25 Sep 2019
This is a joint press release by PAI Partners SAS (“PAI”) and various entities (indirectly) controlled by or affiliated to Charles Jobson and/or his family members (“Charles Jobson”), acting jointly through Best of Nature Bidco B.V. (“Bidco”, and together with PAI and Charles Jobson, the “Consortium” or the “Offeror”), and Koninklijke Wessanen N.V. (“Wessanen” or the “Company”), pursuant to the provisions of Section 4 paragraph 3 and Section 17 paragraph 4 of the Decree on Public Takeover Bids (Besluit openbare biedingen Wft) (the “Decree”) in connection with the recommended public offer by the Offeror for all the issued and outstanding ordinary shares in the capital of Wessanen (the “Offer”). This announcement does not constitute an offer, or any solicitation of any offer, to buy or subscribe for any securities in Wessanen. Any offer will be made only by means of the offer memorandum dated 11 July 2019 (the “Offer Memorandum”) approved by the Netherlands Authority for the Financial Markets (Stichting Autoriteit Financiële Markten) (the “AFM”) and subject to the restrictions set forth therein. Terms not defined in this press release will have the meaning given thereto in the Offer Memorandum.

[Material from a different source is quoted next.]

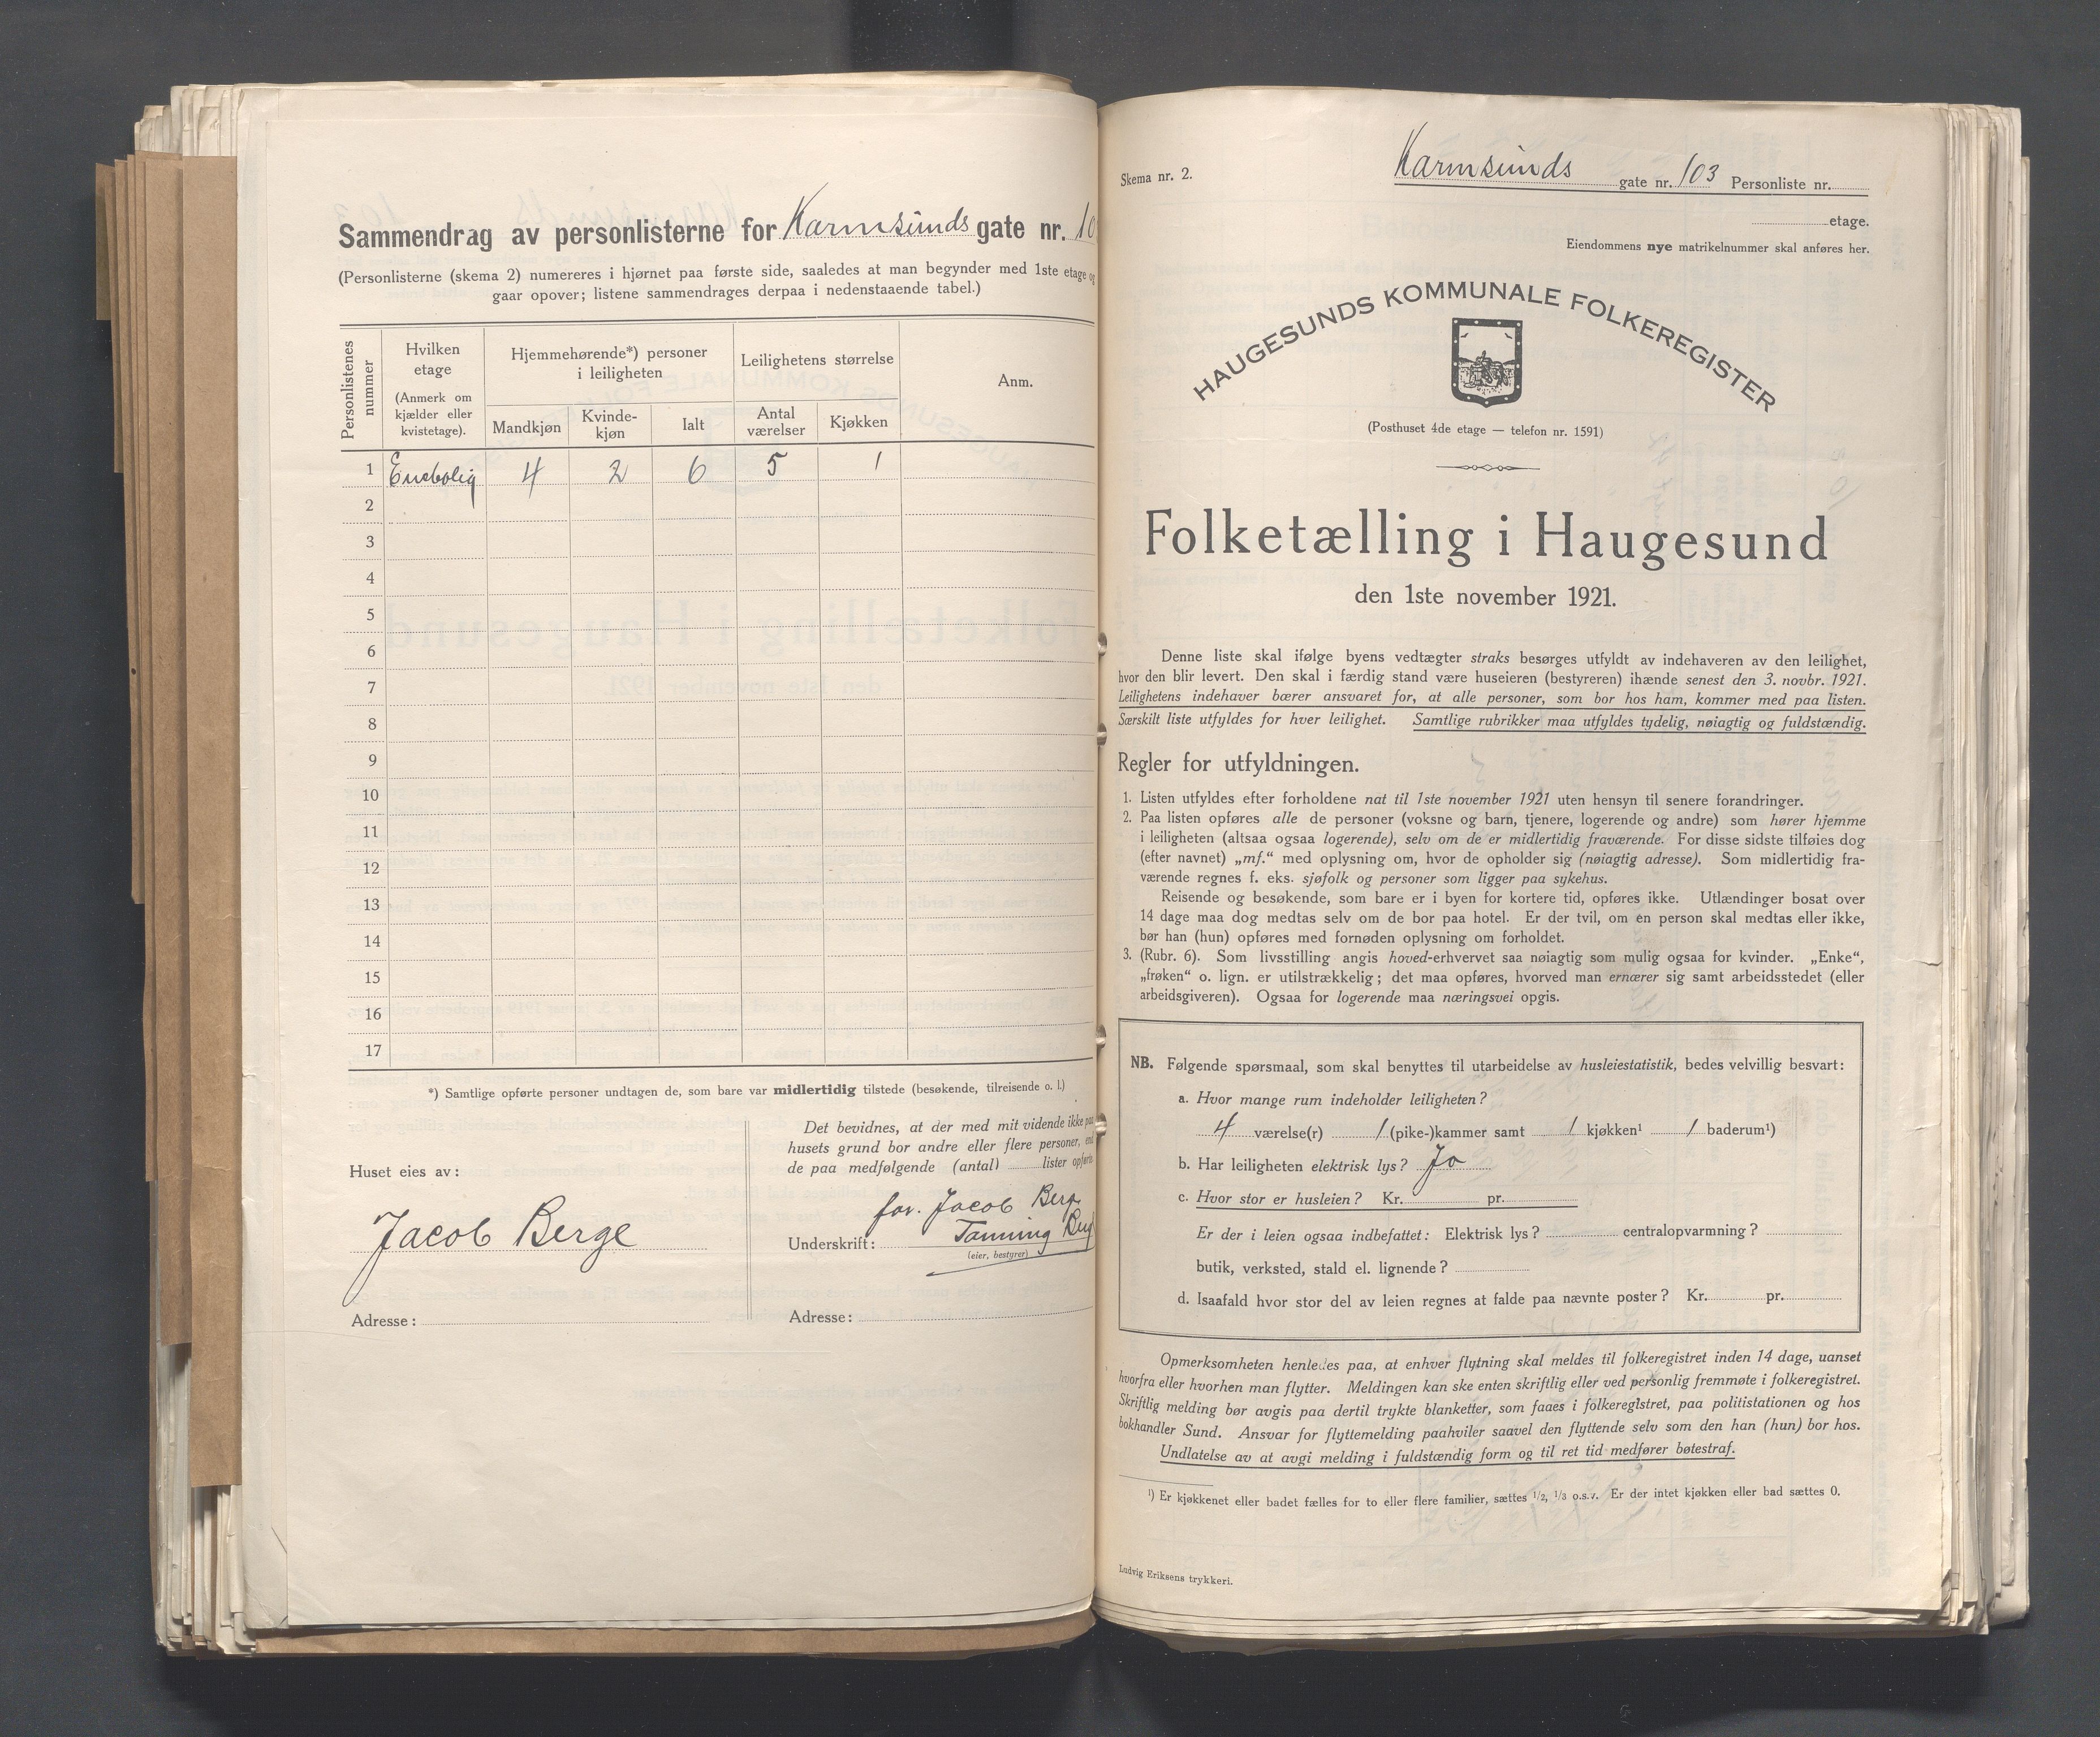 IKAR, Local census 1.11.1921 for Haugesund, 1921, p. 2451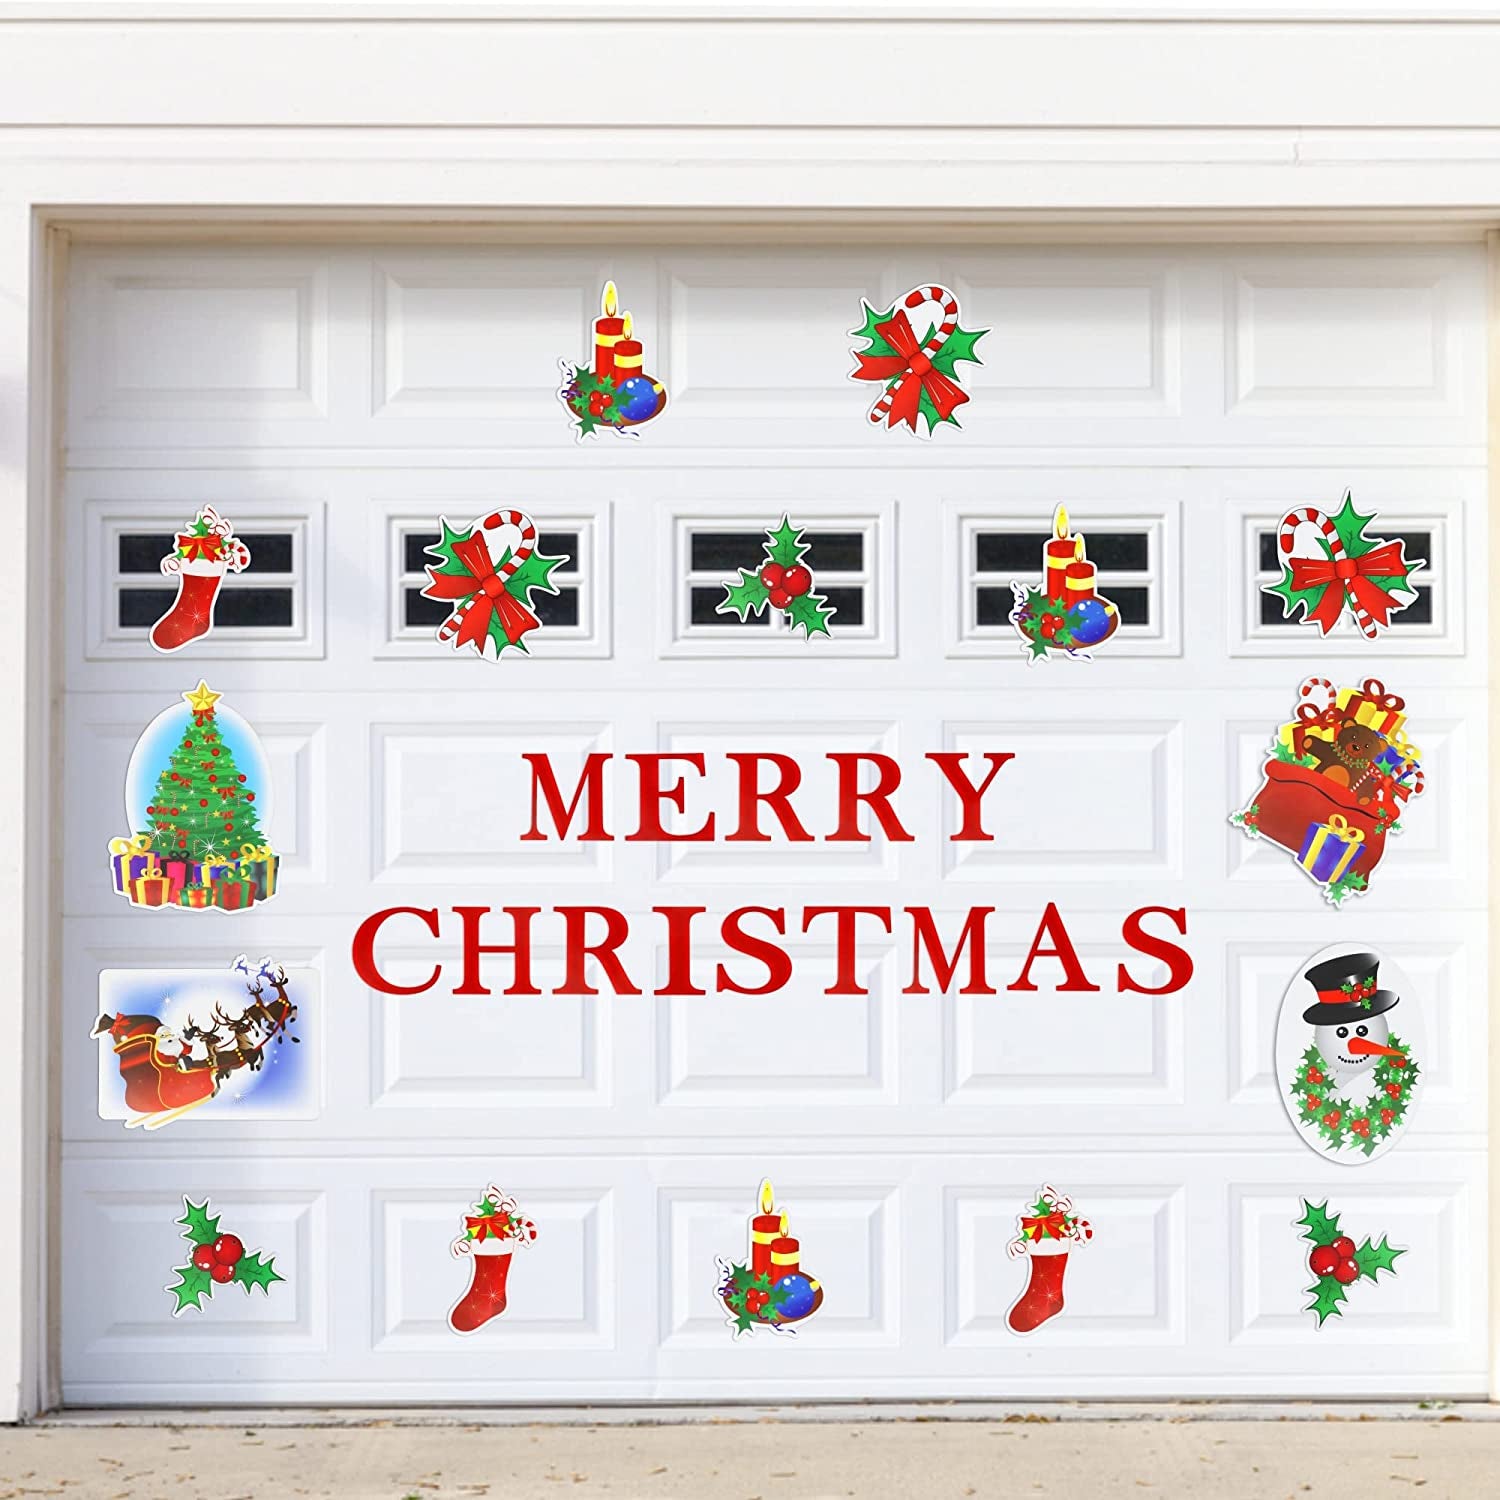 Tribello, Merry Christmas Garage Door Magnets - 30Pcs All in One Garage Door Christmas Decorations Set - Weather Resistant - Christmas Garage Door Decorations for Xmas, Holiday and Christmas Decor

Paris, France / Boston Massachusetts, the U.S. / Amsterdam, the Netherlands – 25 September 2019
With reference to the joint press releases dated 10 April, 8 May, 11 July, 6 September, 10 September, 17 September, 23 September, 24 September, and 25 September 2019 and the Offer Memorandum, the Consortium and Wessanen jointly announce that 3,732,164 Shares, representing approximately 4.84% of the Shares, were tendered during the Post Acceptance Period. Together with the Shares acquired by the Offeror following Settlement and additional share market purchases, the Offeror will hold 74,610,279 Shares, representing in aggregate approximately 96.73% of the total number of Shares.
• During the Post Acceptance Period, approximately 3,732,164 of the Shares were tendered under the Offer
• Including the Shares already held by the Consortium, this represents a total of 96.73% of the Shares
• Settlement of the Wessanen shares tendered during the Post Acceptance Period will take place on 30 September 2019
During the Post Acceptance Period which commenced at 09:00 hours CET on 11 September 2019 and expired at 17:40 hours today, 3,732,164 Shares, representing approximately 4.84% of the Shares and an aggregate value of approximately of EUR 42,397,383, have been tendered for acceptance at an offer price of EUR 11.36 (cum dividend) in cash per Share (the “Offer Price”).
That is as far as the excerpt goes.